**EXERCISE:** Copy out the entries below exactly as they stand, but only from the line containing "SIMBA Set construction" through the line containing "Logo Elektrotechnik Krasniqi OG".

**SUPPLIED RECORDS:**

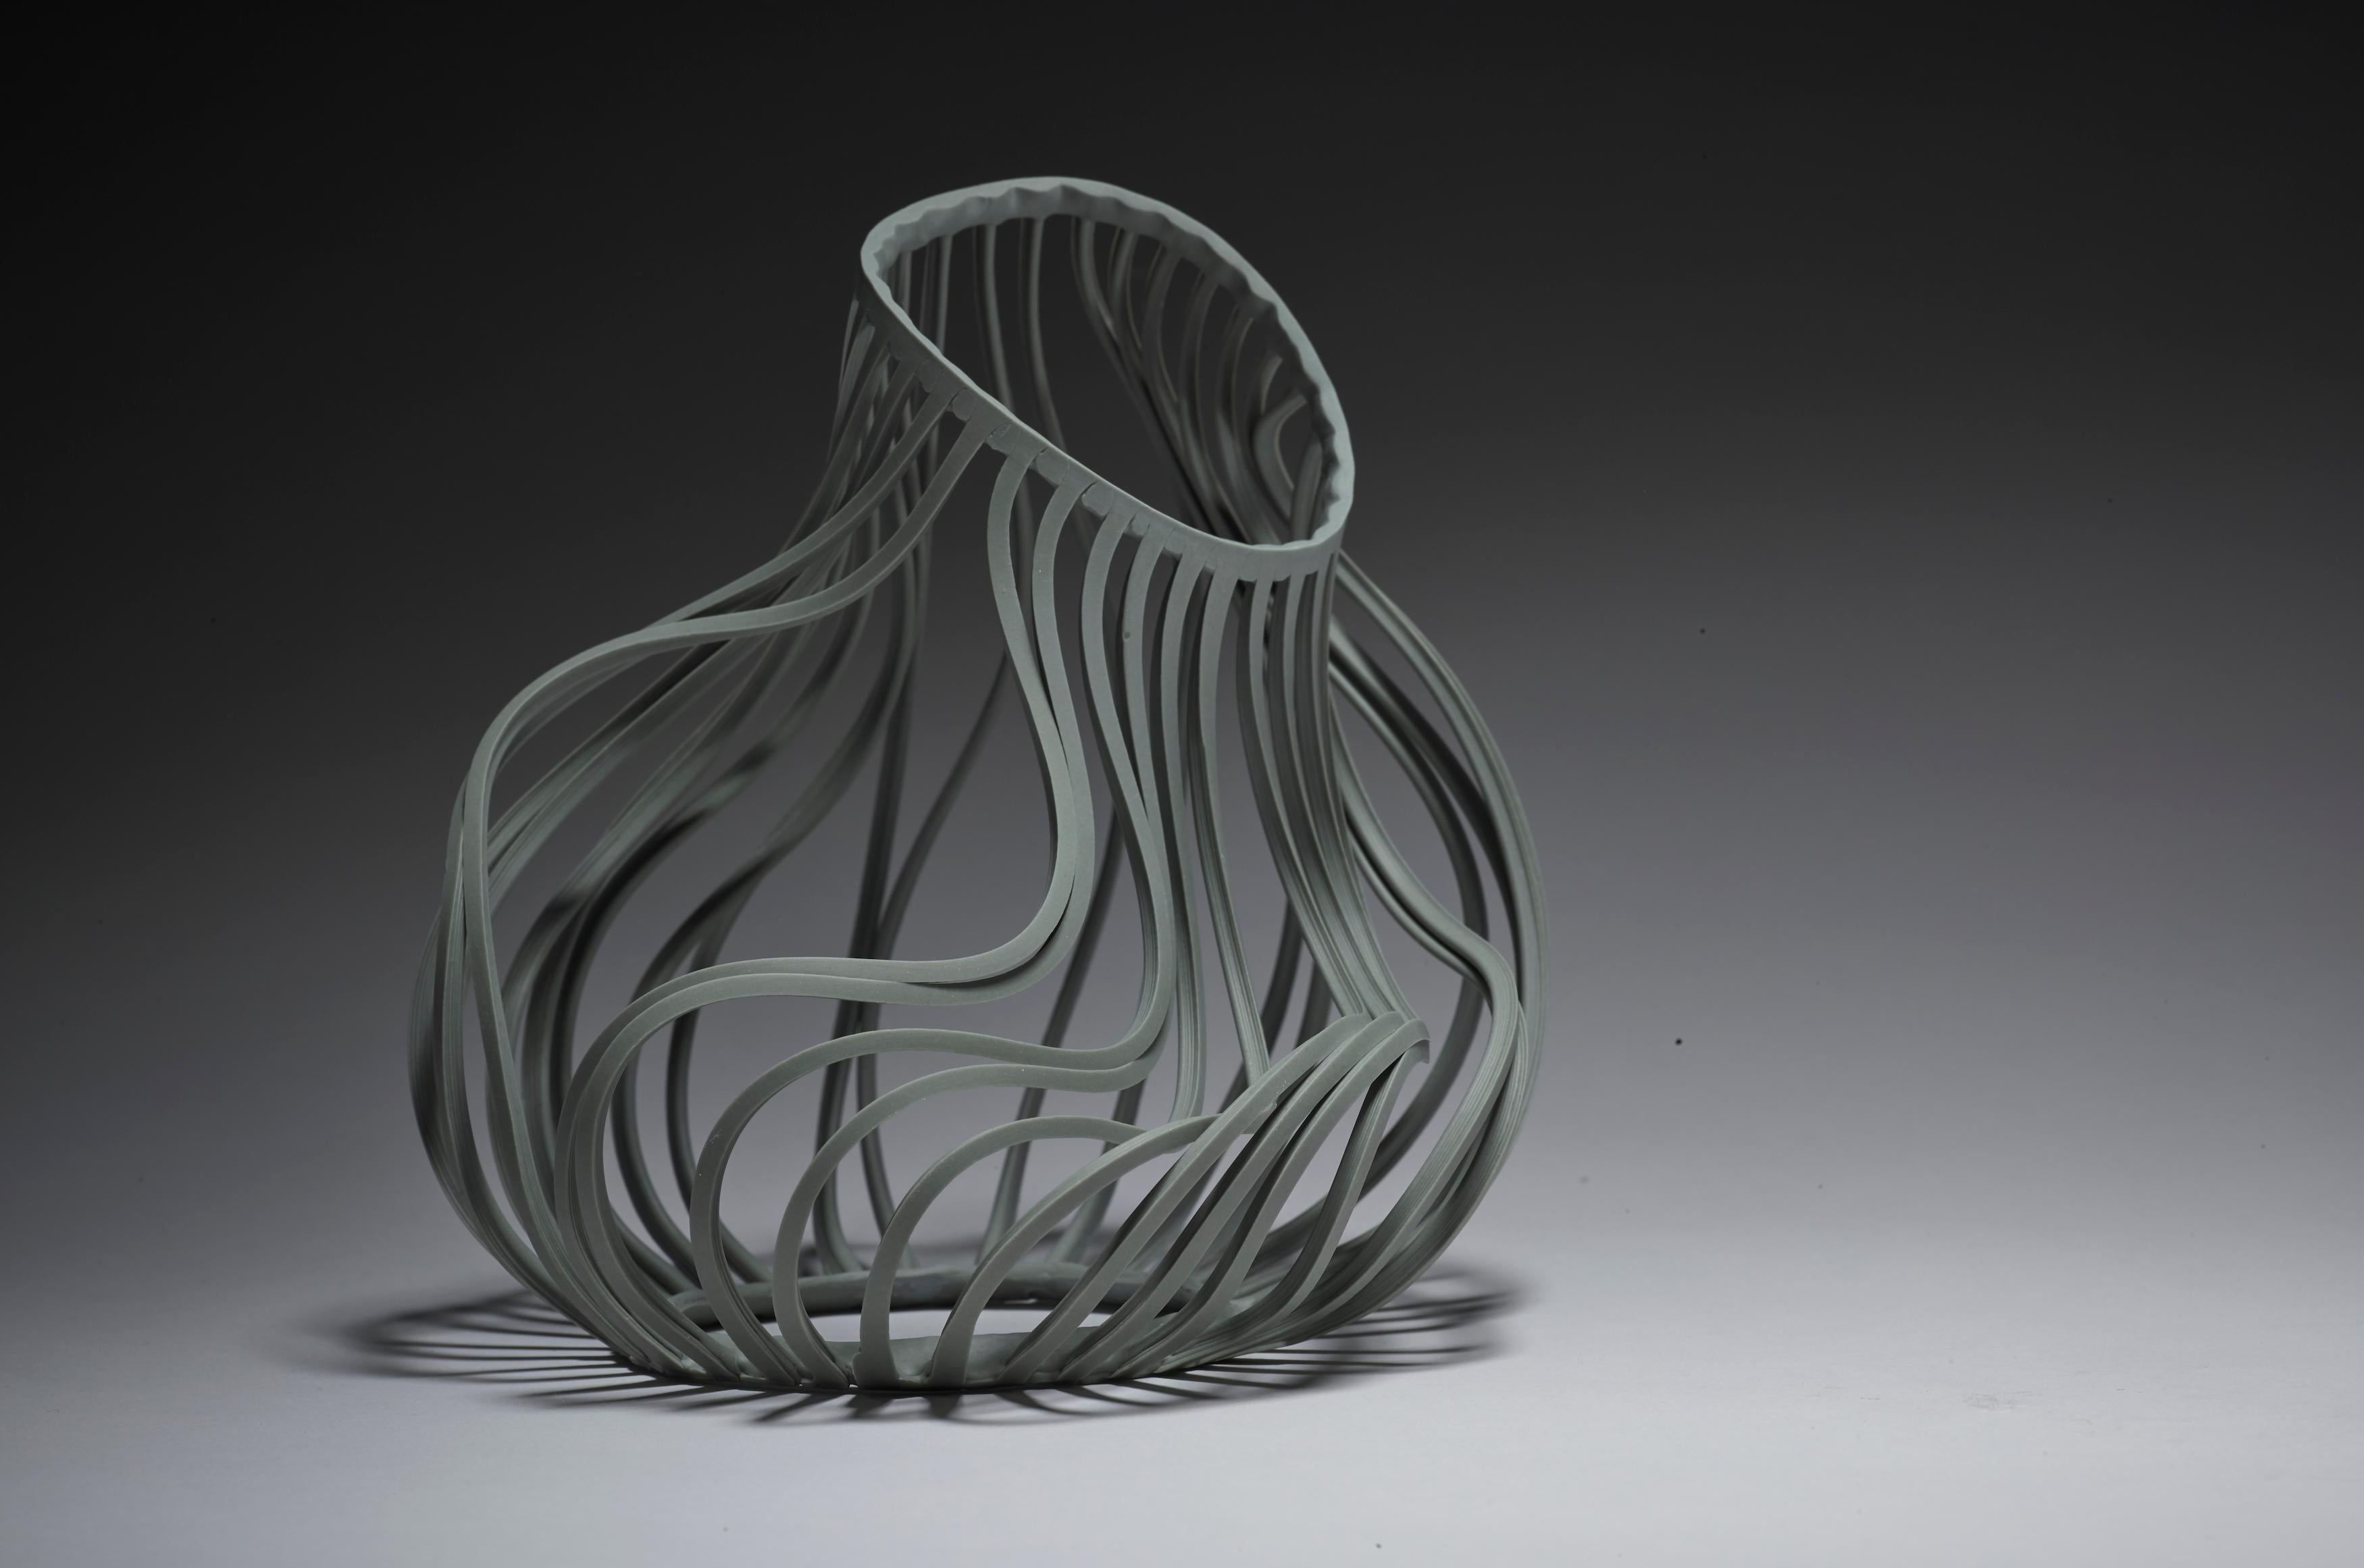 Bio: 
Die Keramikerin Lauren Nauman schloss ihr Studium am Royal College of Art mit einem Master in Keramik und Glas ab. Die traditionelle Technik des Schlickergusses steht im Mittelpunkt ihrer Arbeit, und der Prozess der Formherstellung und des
* * *
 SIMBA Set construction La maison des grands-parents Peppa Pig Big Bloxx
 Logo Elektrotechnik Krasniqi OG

**RESPONSE TO THIS TASK:**
 SIMBA Set construction La maison des grands-parents Peppa Pig Big Bloxx
 Logo Elektrotechnik Krasniqi OG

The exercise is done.